The invitation certainly smacked of showing off, and if Mr. Bollinger actually thinks inviting the “petty and cruel dictator” to lecture his students had anything to do with academic freedom, as he says it did, someone should keep the Columbia president in after school to explain the First Amendment and the concept of academic freedom. Mitch McConnell, the Republican senator from Kentucky, maybe.

“There’s a world of difference between not preventing Ahmadinejad from speaking and handing a megalomaniac a megaphone and a stage to use it,” he said.

Joe Lieberman, the independent Democrat senator from Connecticut, could tell him why the invitation was a sorry spectacle of misguided generosity. “He comes, literally, with blood on his hands.”

Mr. Ahmadinejad tried to smile through the introduction, but before long, a discerning observer could see smoke rising from his ears. When he finally got up to speak — to far more applause than the occasion actually required, diplomatic nicety or not — he clearly couldn’t believe how he had been treated. But he would rise above insult.
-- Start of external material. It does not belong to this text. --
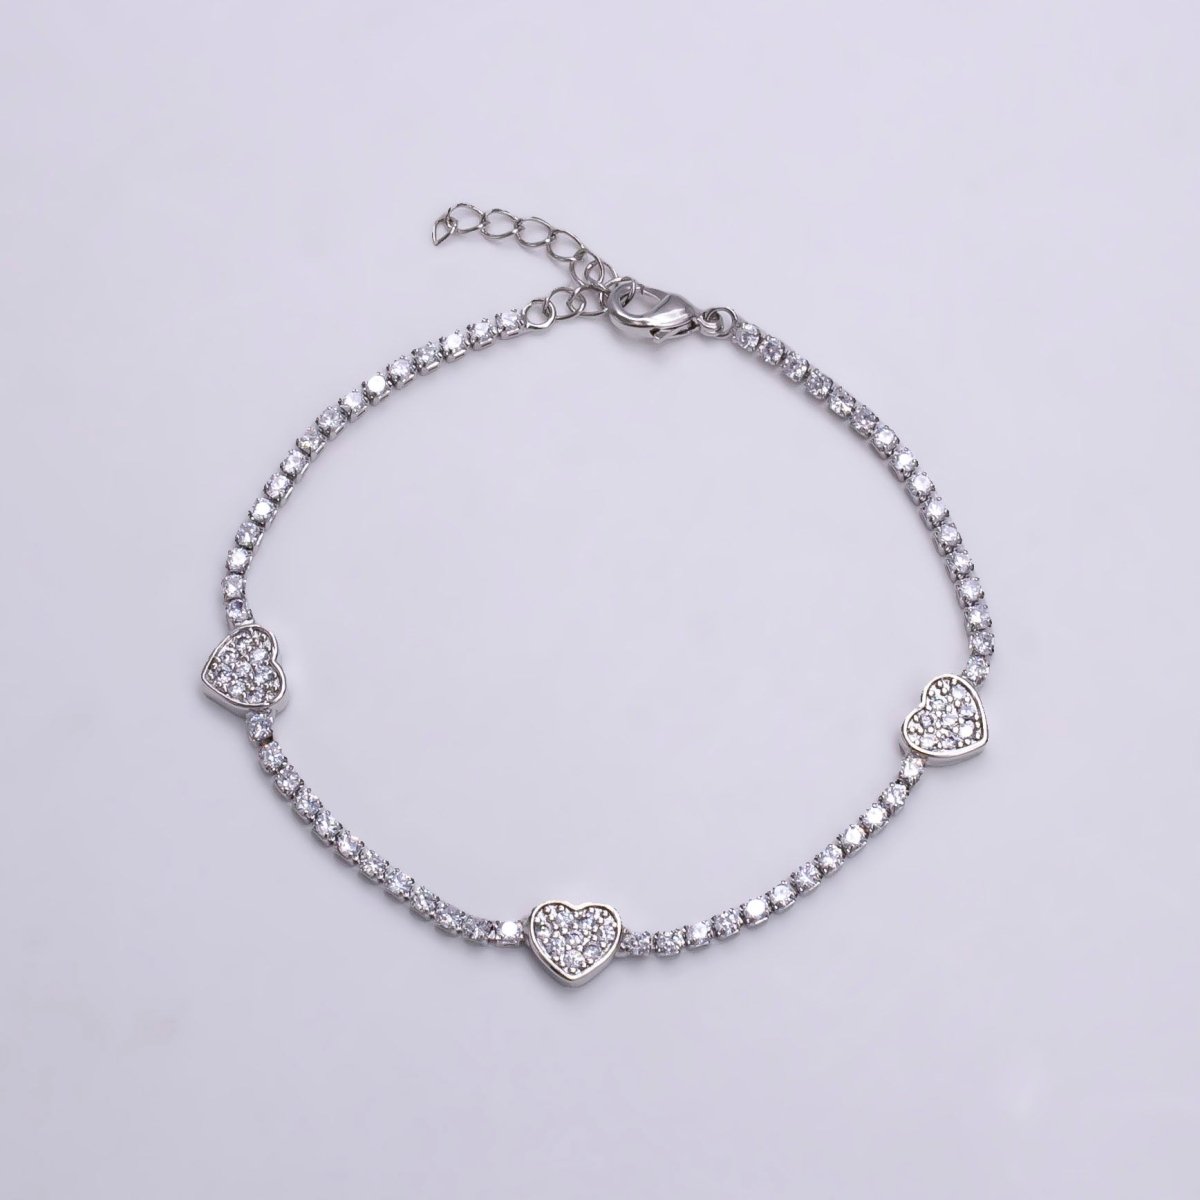 14K Gold Filled Clear Micro Paved CZ Heart Tennis Chain 7 Inch Bracelet in Gold & Silver | WA-2129 WA-2130 - DLUXCA

He didn’t take back his insistence that the Holocaust never happened, exactly, but he did “grant this happened.” Still, he has a duty to defend Holocaust deniers who have been prosecuted in Austria and Germany. “There’s nothing known as absolute,” he said, slyly. He repeated his desire to visit Ground Zero and dropped a hint as to why, invoking a popular refrain on our own Democratic loony fringe: “Why did this happen? What caused it? What conditions led to it? Who was truly involved? Who was really involved and put it all together?”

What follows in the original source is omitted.